Помни, сердце мое, что Египет — сама древность. Я долго живу на свете, но эта страна много старше меня. И камни с текстами отнюдь не главное достояние Черной Земли, в своей самобытности и долговечности соперничающей лишь с Китаем.
Мадлен, еще раз прошу, будь осторожной. Когда-то я верил, что чувства, которые мы разделяем с тобой, невозможны, теперь я не мыслю себя без нашей любви. Ты умрешь, меня тоже не станет. Я уже пережил одно изгнание из Дома Жизни, но не перенесу, если из него изгонят тебя.
Сен-Жермен (печать в виде солнечного затмения)».
Февраль — сентябрь 1827 года
Письмо Фердинанда Чарлза Монтроуза Алджернона Троубриджа к Мадлен де Монталье в Фивы.
«Мадам!
Вы, несомненно, помните наш месячной давности разговор, произошедший на вилле Омата. Идя вам навстречу, я попытался выяснить, существует ли тайный сбыт древностей на наших раскопках. Наверняка ничего сказать не могу, однако третьего дня мы с Халлидеем переправились на западный берег Нила, чтобы развеяться, а заодно навестить Уилкинсона с командой. Прогуливаясь вдоль развалин, я случайно заметил, что кто-то словно бы прячется за дальней стеной. Это были Севенадж и местный десятник, с виду сущий мошенник — одноглазый и без большого пальца на левой руке. Он, кстати, брат или кузен вашего старшего землекопа. У Севенаджа в руках была небольшая корзинка, она-то и наводила на подозрения. Ведь десятнику, чтобы что-то стянуть, напарник не нужен, а Севенадж недавно нашел в песке сколько-то там небольших алебастровых сосудов с изображениями богов. Они имеют какое-то отношение к древнеегипетским погребальным обрядам — во всяком случае, мне так объясняли. Эти-то сосуды, скорее всего, и находились в корзинке. Заметьте, я не утверждаю, что так оно и было на деле, я лишь предполагаю, что так могло быть. Надеюсь, вы сами сумеете разобраться, что тут к чему, а мне немного не по себе, ведь Севенадж, как-никак, мой приятель.
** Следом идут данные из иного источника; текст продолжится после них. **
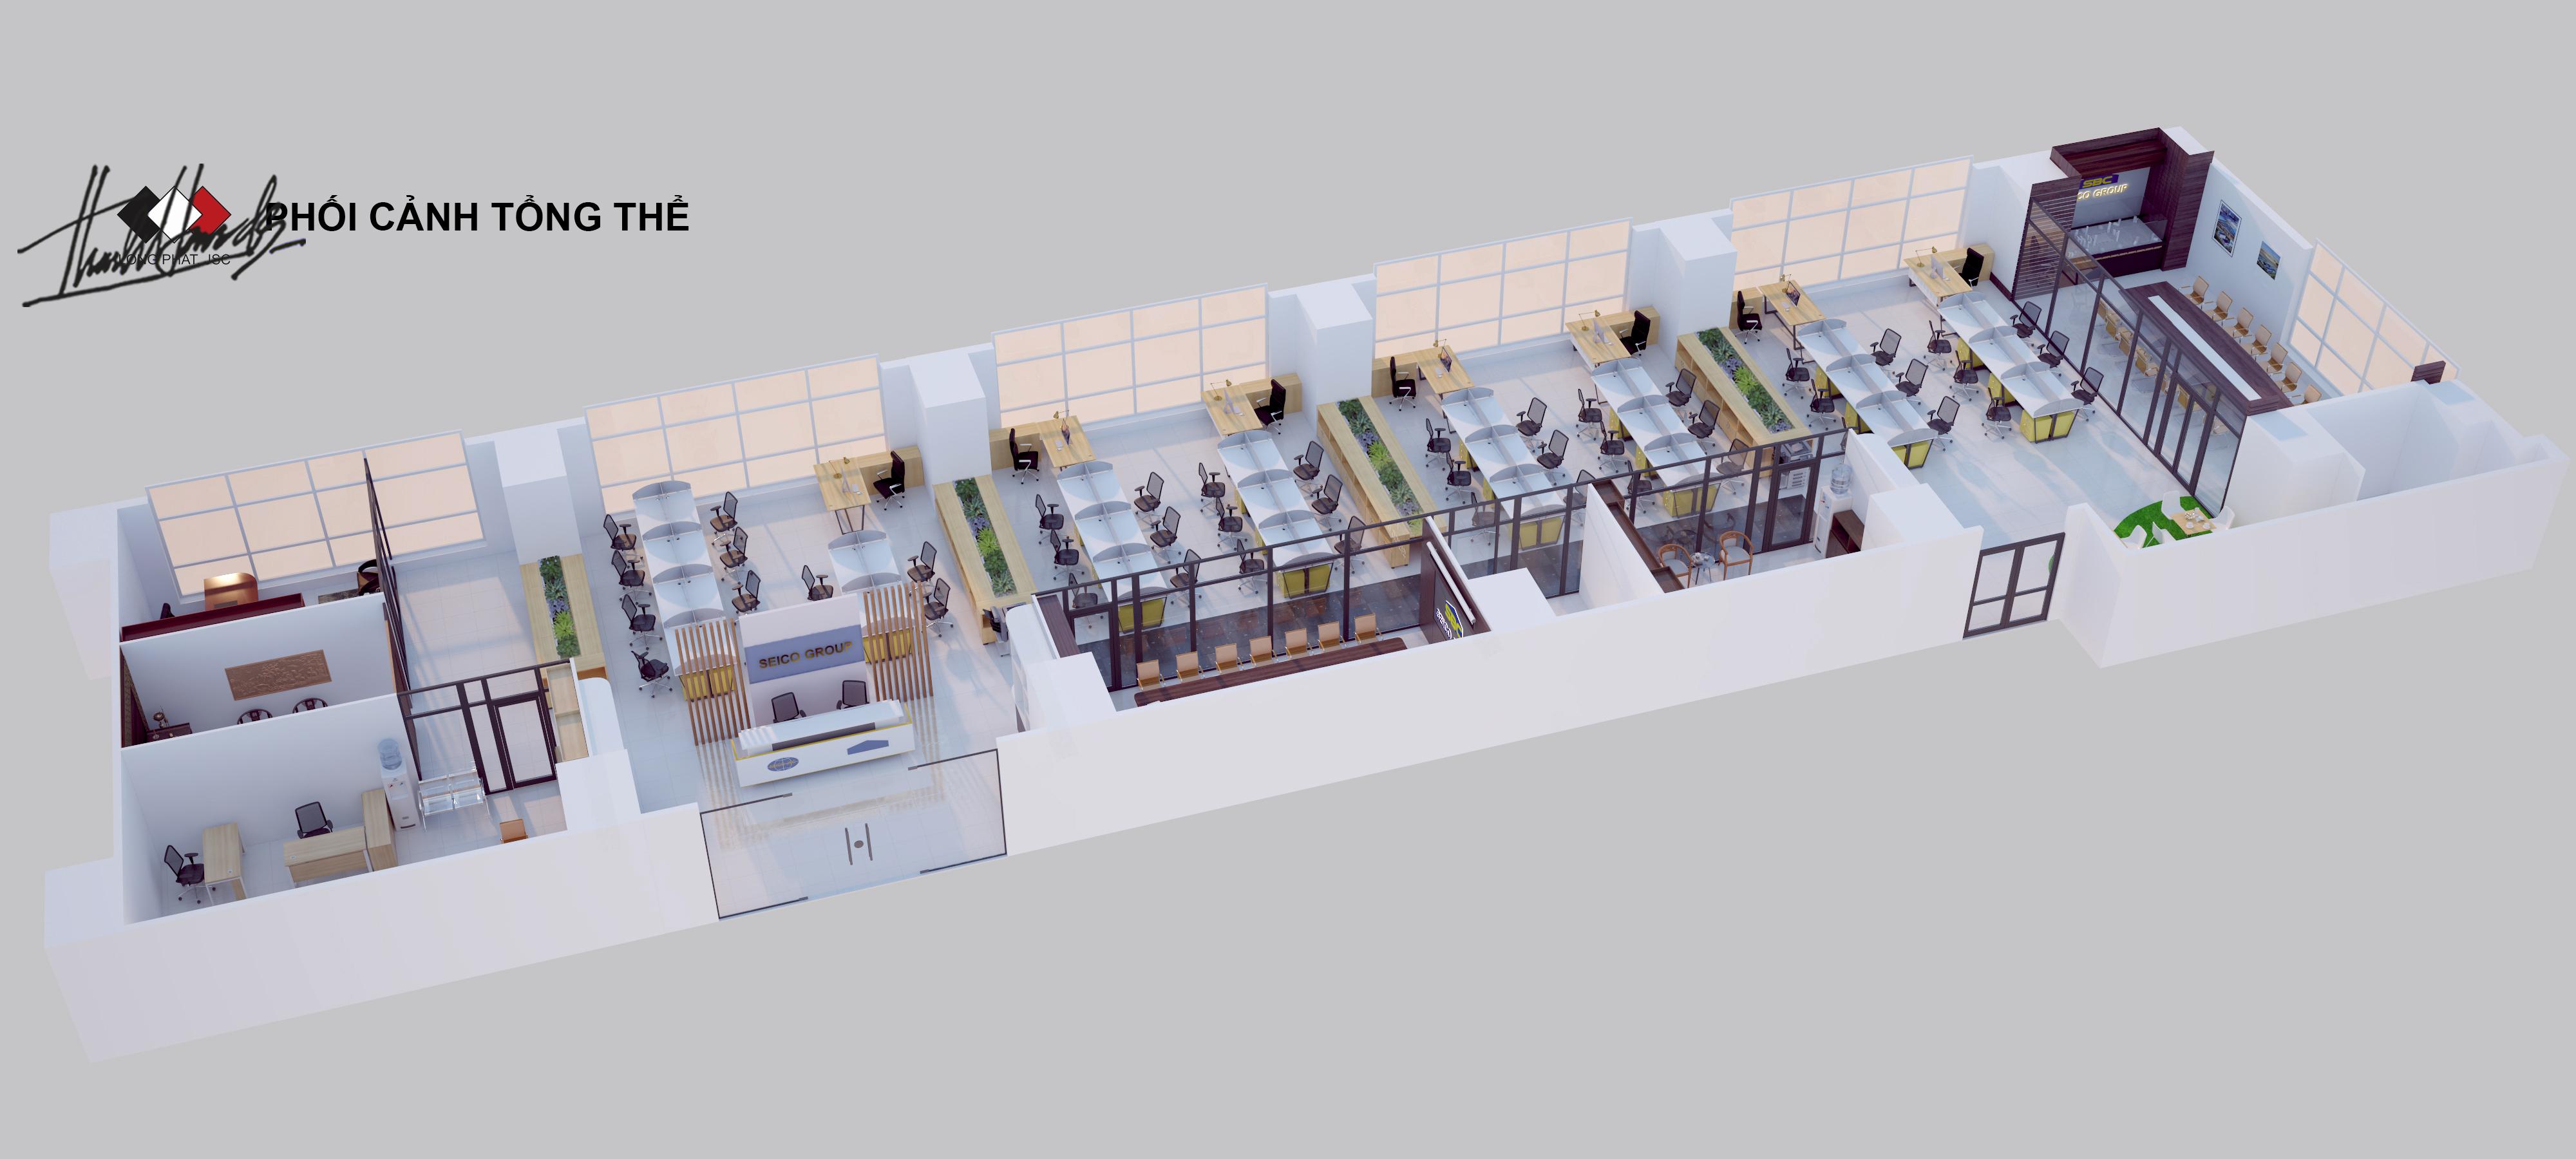 thiết kế nội thất Văn Phòng tại Hà Nội Văn phong SEIKO 1 1568274665

Кастемир намекает, что нам опять следует посеребрить ручку судье Нумаиру, иначе нас погонят из Фив. Этот мздоимец требует дани уже в третий раз, а ведь он еще берет и экспедиционные деньги, и те, что ему высылает университет. Однако ему все мало, и его алчность растет тем стремительнее, чем больше народу сюда приезжает. Все это очень прискорбно. Я послал весточку отцу с просьбой подбросить мне немного денег, но кто знает, как он к этому отнесется, ибо моя матушка ждет не дождется, когда я вернулась домой. Ей не терпится поскорей оженить меня, чтобы какая-нибудь египетская соблазнительница не завлекла ее чадо в свои сети. Я, впрочем, заверил родителей, что в Египте есть лишь одна особа, способная завоевать мое сердце. Это молодая прелестная женщина с фиалковыми глазами и густыми темно-каштановыми волосами, прохваченными пикантной рыжинкой. Еще я упомянул, что эта красавица очень знатна, имеет ученые степени и владеет поместьем на юге Франции. Полагаю, матушка успокоится… месяцев этак на шесть. А потом я придумаю еще что-нибудь, хотя… Что, собственно, тут придумаешь? Все вышесказанное соответствует истине. Мне следовало бы изложить свои чувства, встав на колено и с глазу на глаз, но я почему-то робею и доверяю бумаге больше, чем своему обиходному красноречию, — оно в данном случае может меня подвести.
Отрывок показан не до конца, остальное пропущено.